Simply being CAC-phobic or Stent-phobic isn't enough to treat our patients. If we took them to the cath lab to begin with due to significant angina or progressive angina, the patient would not wrongly wind up with a stent, yet even that turn of events is frowned upon by proponents of calcium score advocates for reason I cannot fathom. I don't know if it's a strange jealousy of that capability, or of income (angiography certainly isn't a gold mine.....sweat for 30 minutes to find an aberrant RCA and you'll have no more reimbursement than a 15 minute cath) or what. It seems almost like the same arguments between alternative medicine and main stream medicine except I really don't view CAC issues as alternative even though they are yet unstudied and unproven. I think it makes logical sense, though I think that modalities that are coming down the pike such as nuclear tagging of vulnerable plaque AND scoring combined with CT will give information about current status of fixed obstructive disease and monitoring capability all at the same time. (Yes, I know that CT is a surrogate for cath in the eyes of CAC proponents).
As to the slurrs and slamms against cardiologists who cath pts with large territories of reversible ischemia, we must apply logic. Even though we'd love for patients to walk in clutching their chest with the levine sign, it has been suggested that at least 30% of patients who are even suffering an MI have silent ischemia. Sometimes their pain is misinterpreted so we aren't always clear on what their angina is even after an interview. I've had several patients to declare that I cured their arthitic shoulder pain by sending them for PCI EVEN AFTER careful questioning with "no" symptoms, so you cannot just wait for symptoms.
My point should be well taken when I relate this story; A 39 year old obese poorly controlled diabetic I had never seen phoned me after an EGD demonstrated gastritis/esophagitis. His symptoms were not remitting so against my better judgement, I did a stress exam because he refused to be admitted to the hospital. His entire anterior wall disappeared post stress then re-distributed. I cath'd him. My partner PCI'd a tight HUGE proximal LAD. His "gastritis" symptoms were cured. Now change the scenario to a large territory of reversible ischemia with absolutely NO symptoms, but perhaps they were diabetic and with neuropathy. According to you guys, we should not perform PCI because he has no symptoms????? That is where we have to apply common sense to evidence based medicine.
So, I appreciate your passion, but you do your cause a great disservice by lack of balance on the topic. I really don't want to read a 45 post tyrade on the same old topic. We get it. We know that calcium score shows promise and no one is pulling for that more than cardiologists who are really looking for ways to help our patients or to help prevent folks from becoming patients. I support wide spread screening because common sense tells you it might be helpful for monitoring and detection. I hope that someday we will have proof.
Melissa
# 9 of 16
August 18, 2008 09:18 (EDT)
Wiliam Blanchet
You are correct
PCI is indeed a valuable tool in the treatment of coronary disease, even in the elective setting with appropriate selection of subjects. I was simply taking the argument that is repeated so many times that it starts sounding like a fact "we should not apporve CAC for insurance coverage until there is a study showing it adds value" and applying it to another cardiac technology.
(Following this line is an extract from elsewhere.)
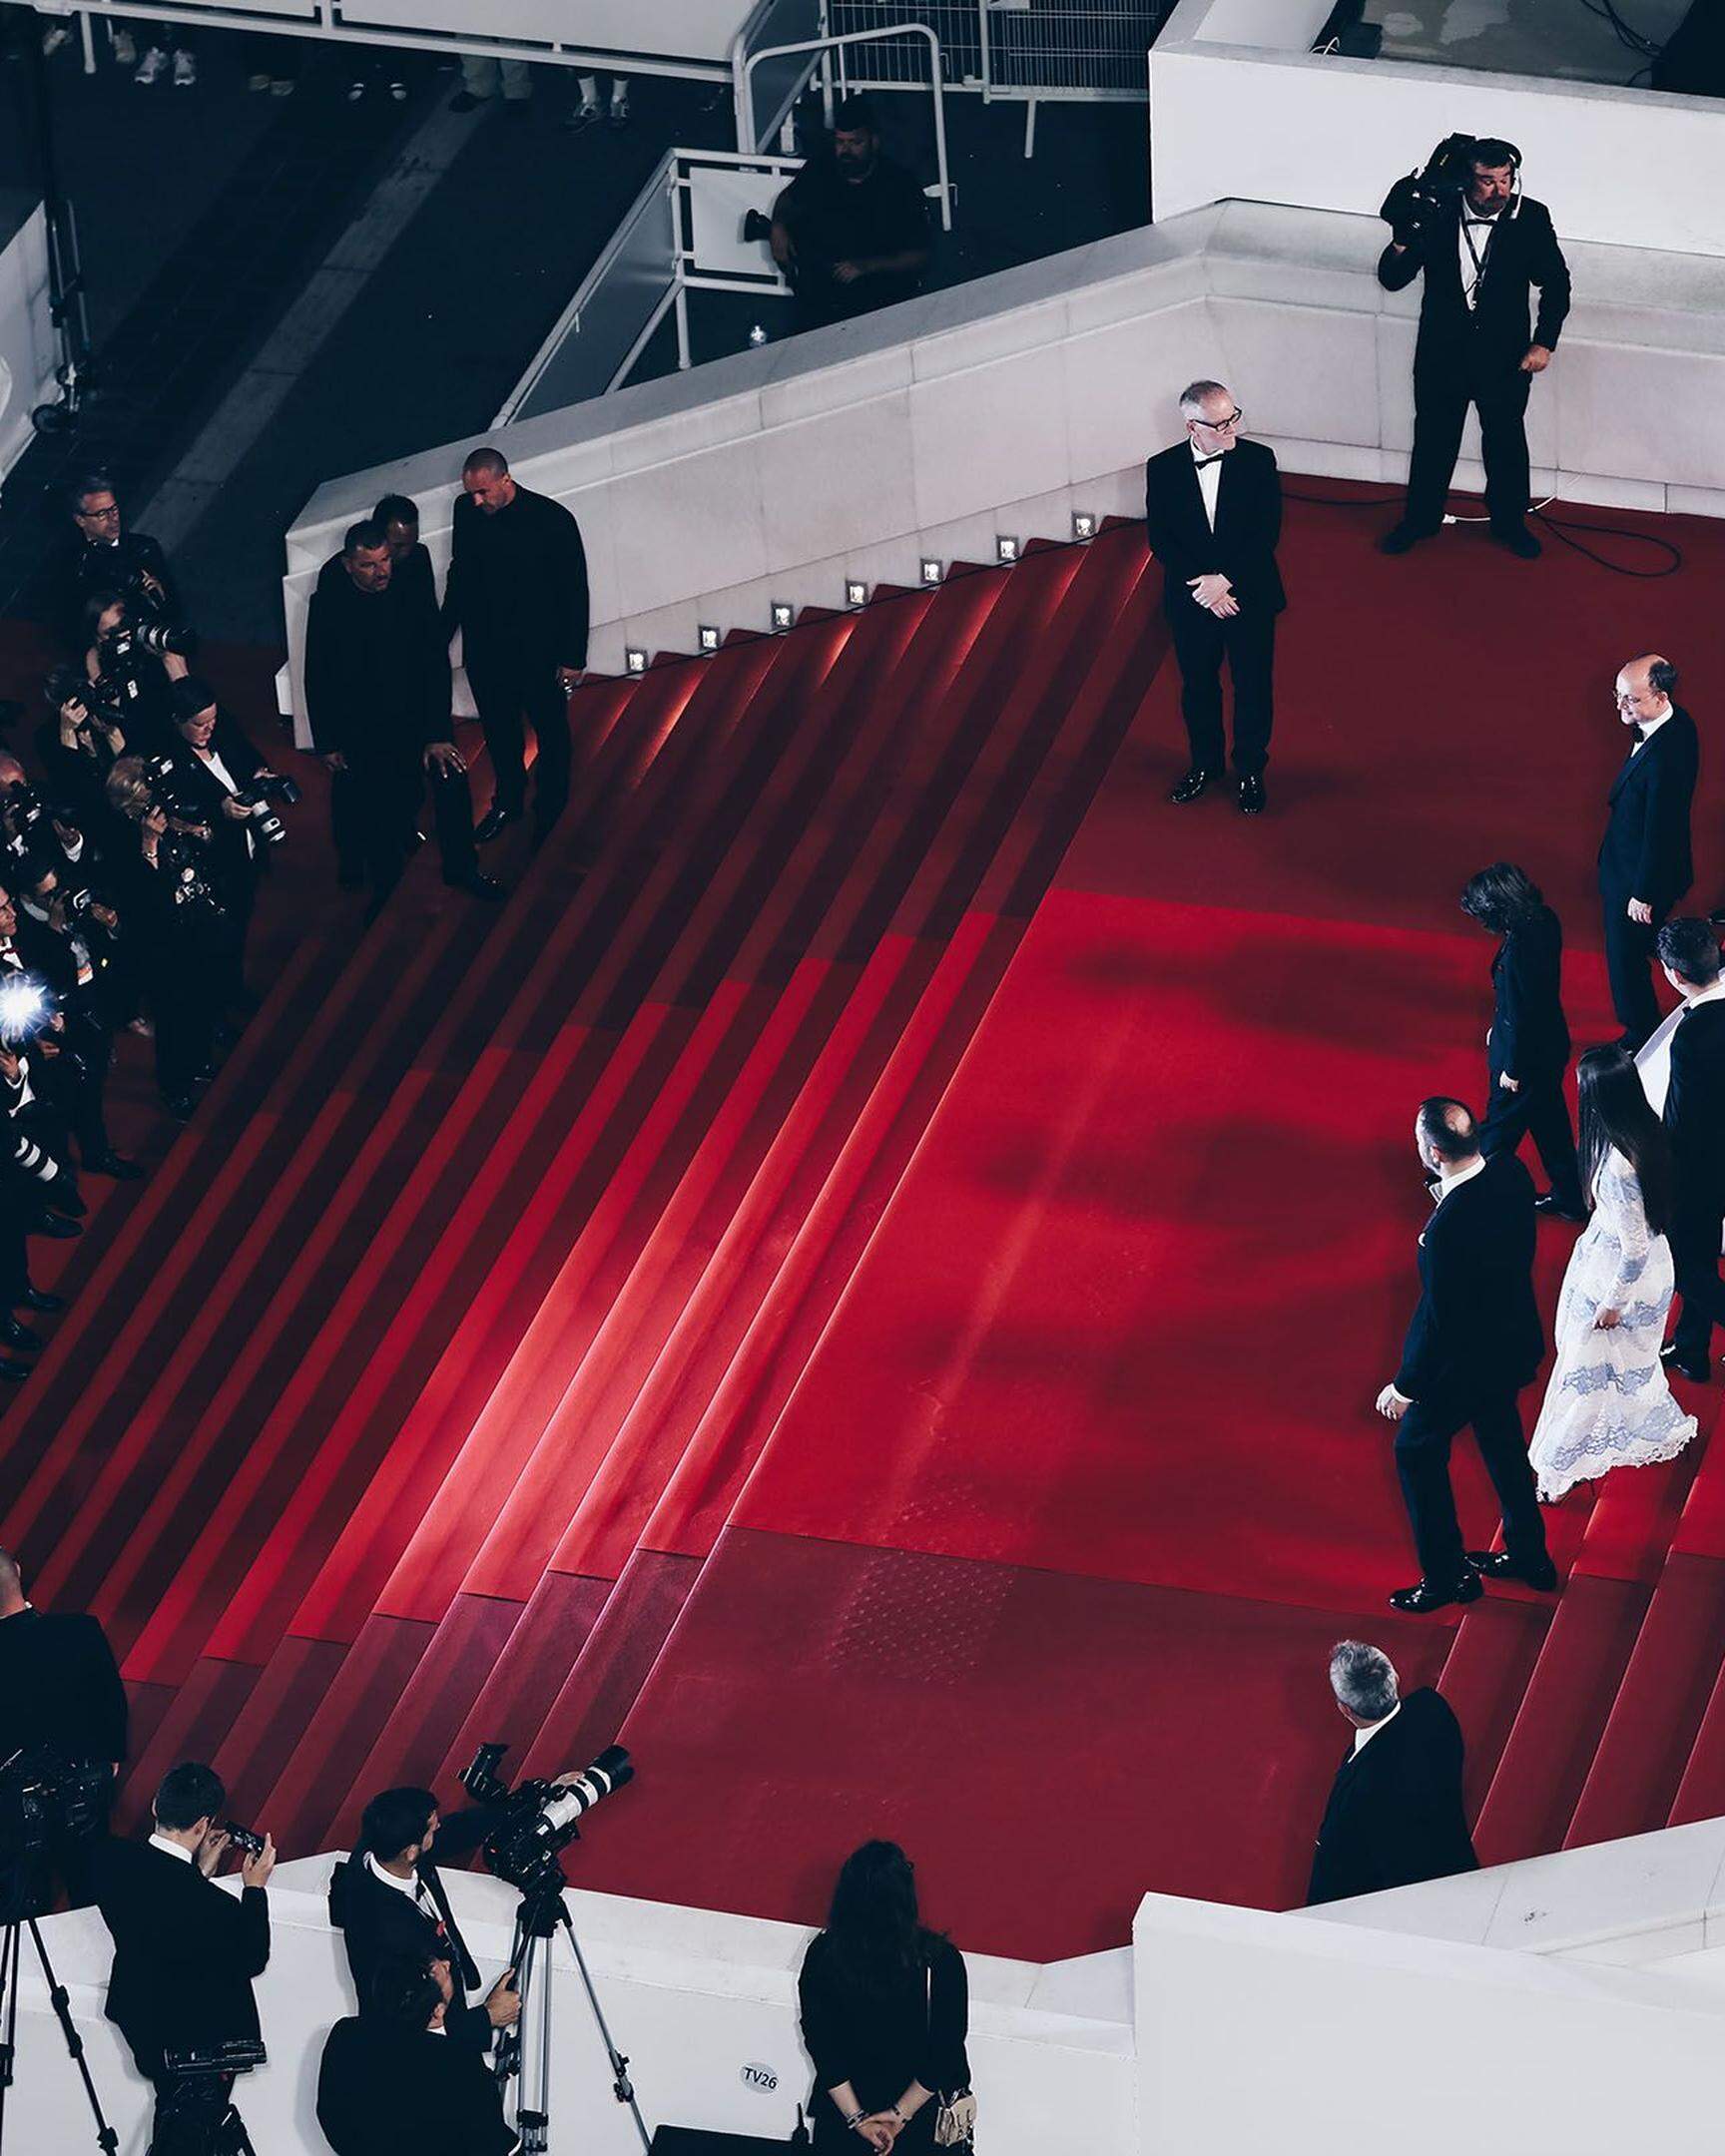 Auf dem Roten Teppich werden auch dieses Jahr wieder jede Menge internationale Weltstars erwartet, darunter: Emma Stone, Kevin Costner, George Miller, Francis Ford Coppola und Cate Blanchett.

The next time an interventional cardiologist who knows that PCI is of value criticizes EBT-CAC as having "no study to prove it makes any difference" they should pause and realize what they are saying.

# 10 of 16
August 19, 2008 10:53 (EDT)
Wiliam Blanchet
I was just making the point, balance has 2 sides.
Melissa,

Let's be balanced regarding PCI but continue to suppress EBT-CAC (as has been the practice of organized cardiology for the last decade) is wrong and people are dying because of this policy!

I indeed use interventional cardiology, PCI, and CABG in my practice in addition to effective medical management both in the primary prevention and secondary prevention settings. I firmly believe that if more than 10% of the myocardium is ischemic by spect imaging, revascularization is indicated regardless of the patient's presence or lack of symptoms. The symptomatic patient also can benefit in ways other than increased survival. I also know that without EBT-CAC, I could not do my job.

None of these conclusions are based upon a randomized prospective study but rather on careful analysis of existing literature and 28 years of experience.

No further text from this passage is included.